In this example, Q2 (quartile 2) is 12. Although we don’t see a value in the dataset called 12, the demarcation line for the middle of the population of number is located directly between 11 and 13 (what would be the number 12 if we could see it – think of it as trying to take even measurements across a strange ruler where some of the numbers are missing). This means that 50% of the values fall before 12 and 50% fall after 12. Q1(quartile 1) is a bit more difficult to see, it would be about 5.5 because the demarcation line for 25% of the population is sitting about where 5.5 would be. This means that 25% of the values are less than or equal to 5.5.

.

This concept of estimating the quartile demarcation value is called interpolation.

..

Why Does Excel have Multiple Quartile Functions?

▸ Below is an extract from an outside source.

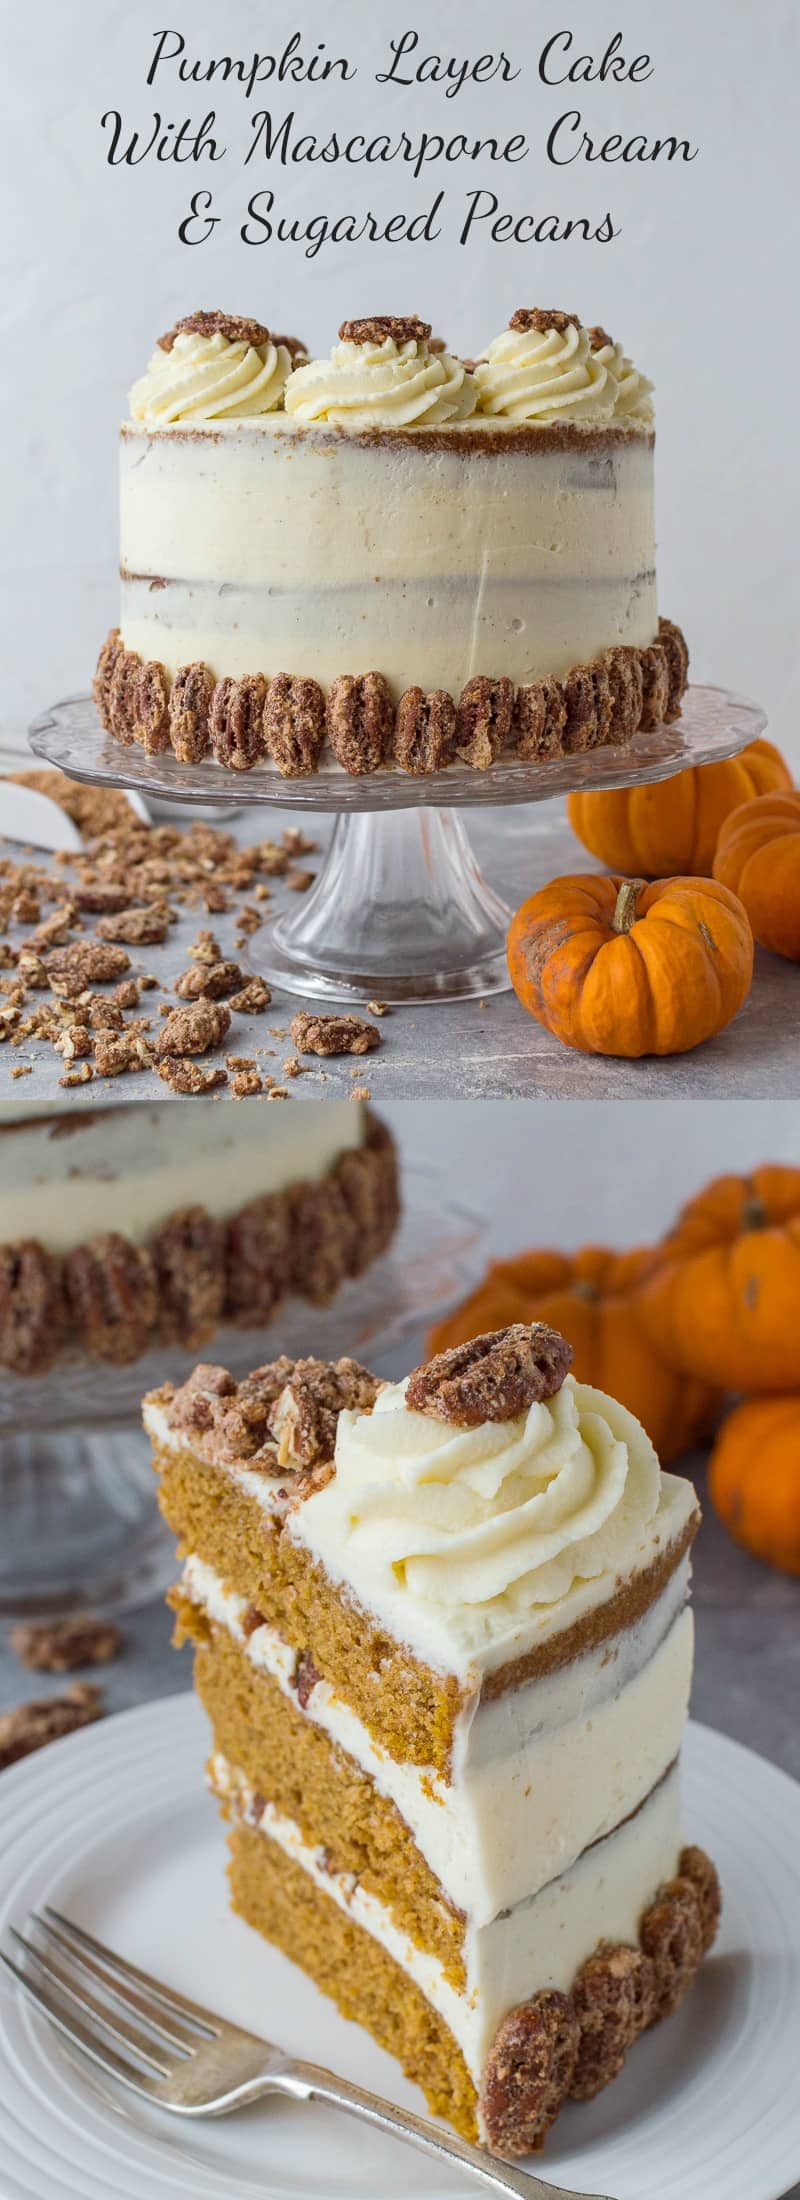 Pumpkin layer cake with mascarpone cream and sugared pecans - utterly irresistible! #pumpkin #cake #pumpkinspice #baking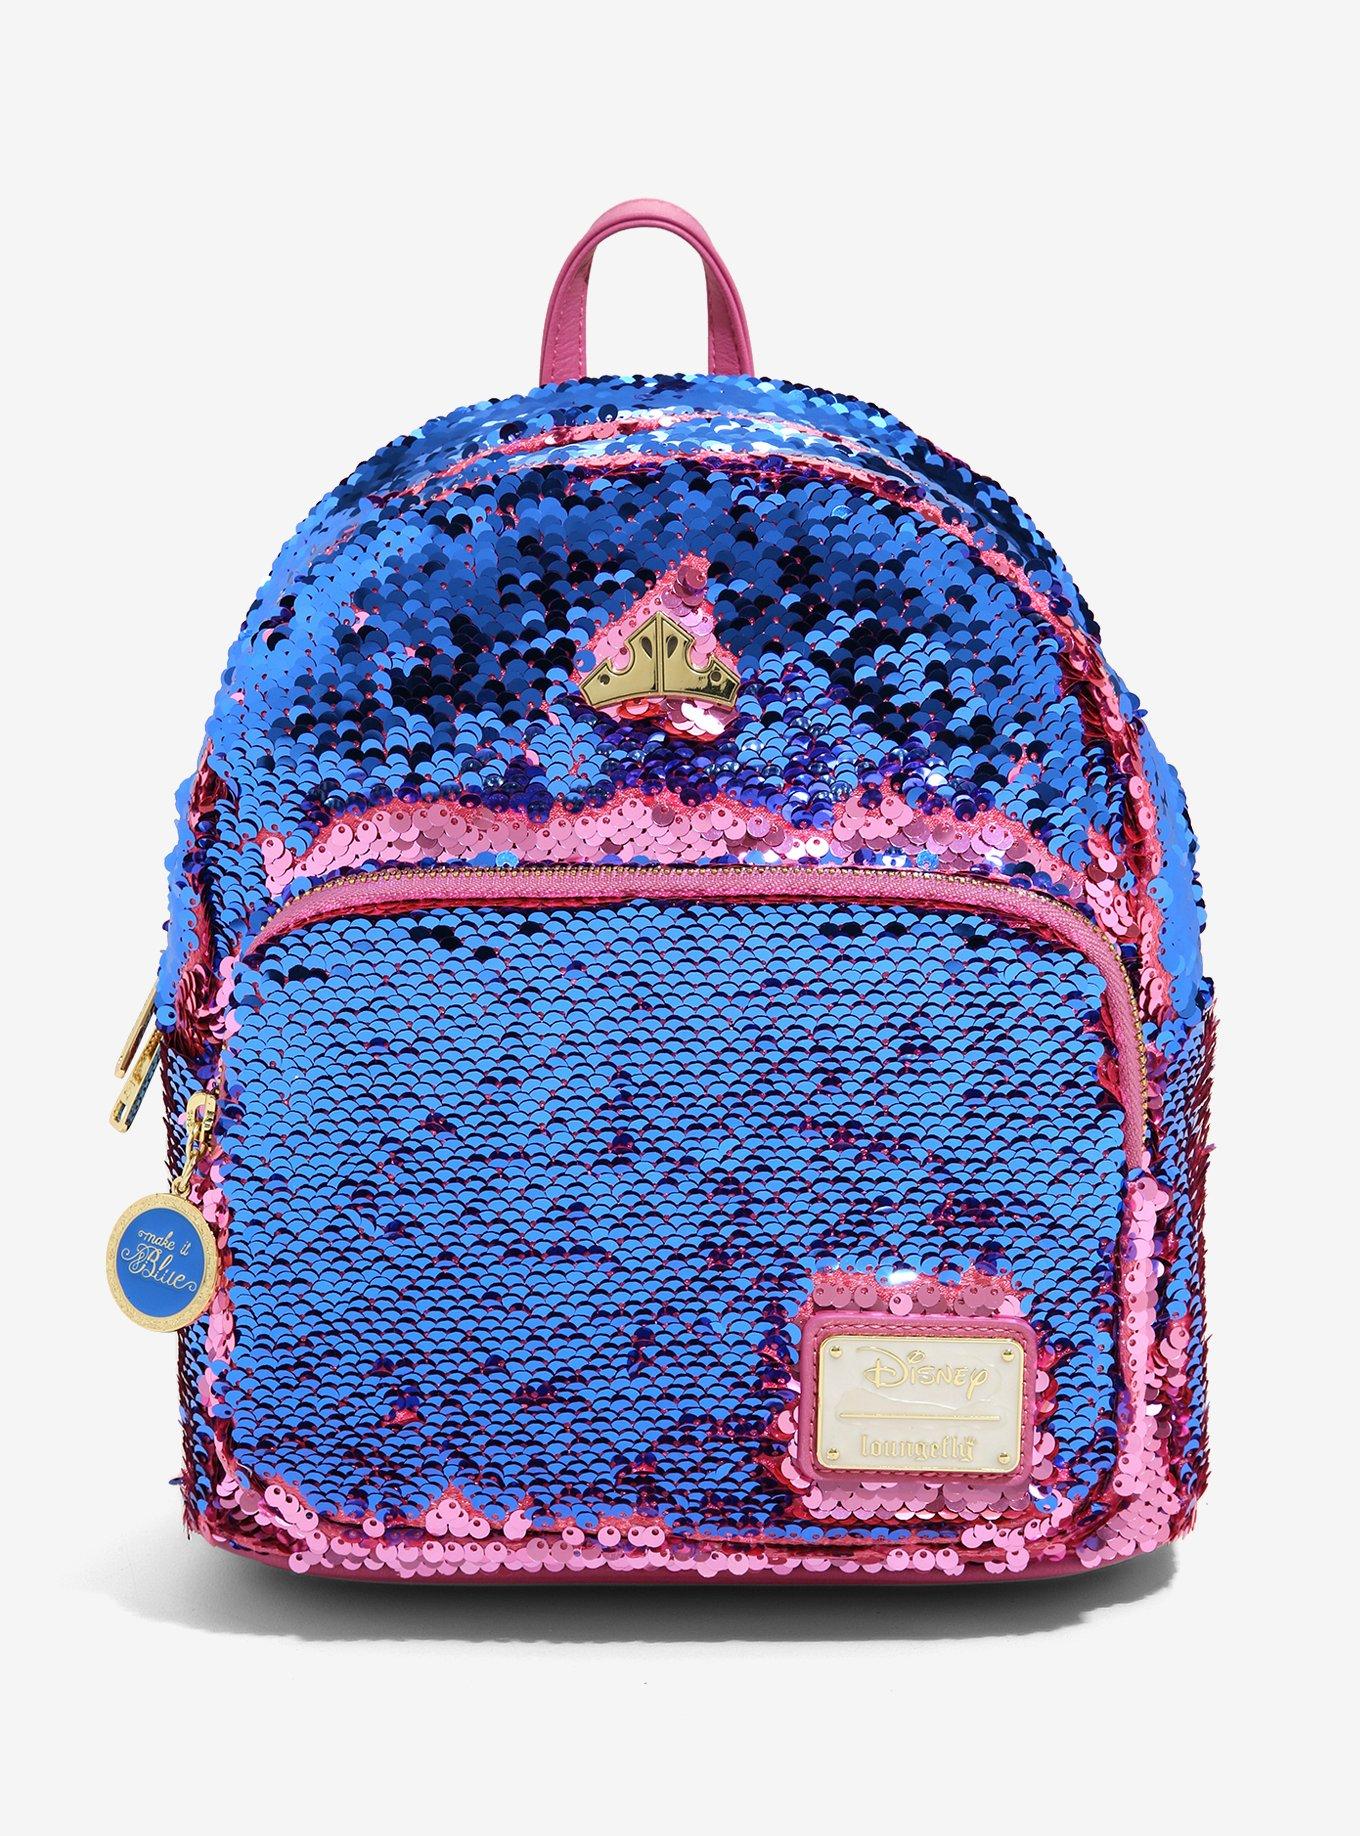 aurora loungefly backpack

Obviously, we would never be able to accurately find quartiles by manually drawing silly lines through our data sets. There are interpolation methods that help us find the quartiles mathematically. Let’s take a look at how this works.

.

Imagine that we take our values and place them side by side. Then underneath, we add a kind of index that gives each value a position. This index can be considered to be an interpolation basis. The screenshot below shows a type of interpolation called N-1 basis. N stands for the count of values and -1 indicates where we start indexing. In this scenario we have 10 values, but we start the interpolation at 0. So we go from 0 to 9.

To find out where we draw the line for the First quartile, we can calculate .25*(N-1) or .25*(10-1).

To find out where we draw the line for the Second quartile, we can calculate .50*(N-1) or .50*(10-1).

To find out where we draw the line for the Third quartile, we can calculate .75*(N-1) or .75*(10-1).

We get the answers Q1 = 2.25, Q2=4.5, Q3=6.75.

This means that the Q1 line is drawn at position 2.25 on our basis index, Q2 is drawn at position 4.5, and Q3 is drawn at position 6.75. Once we have our positions, we can estimate which values from the value line most directly sits at those positions.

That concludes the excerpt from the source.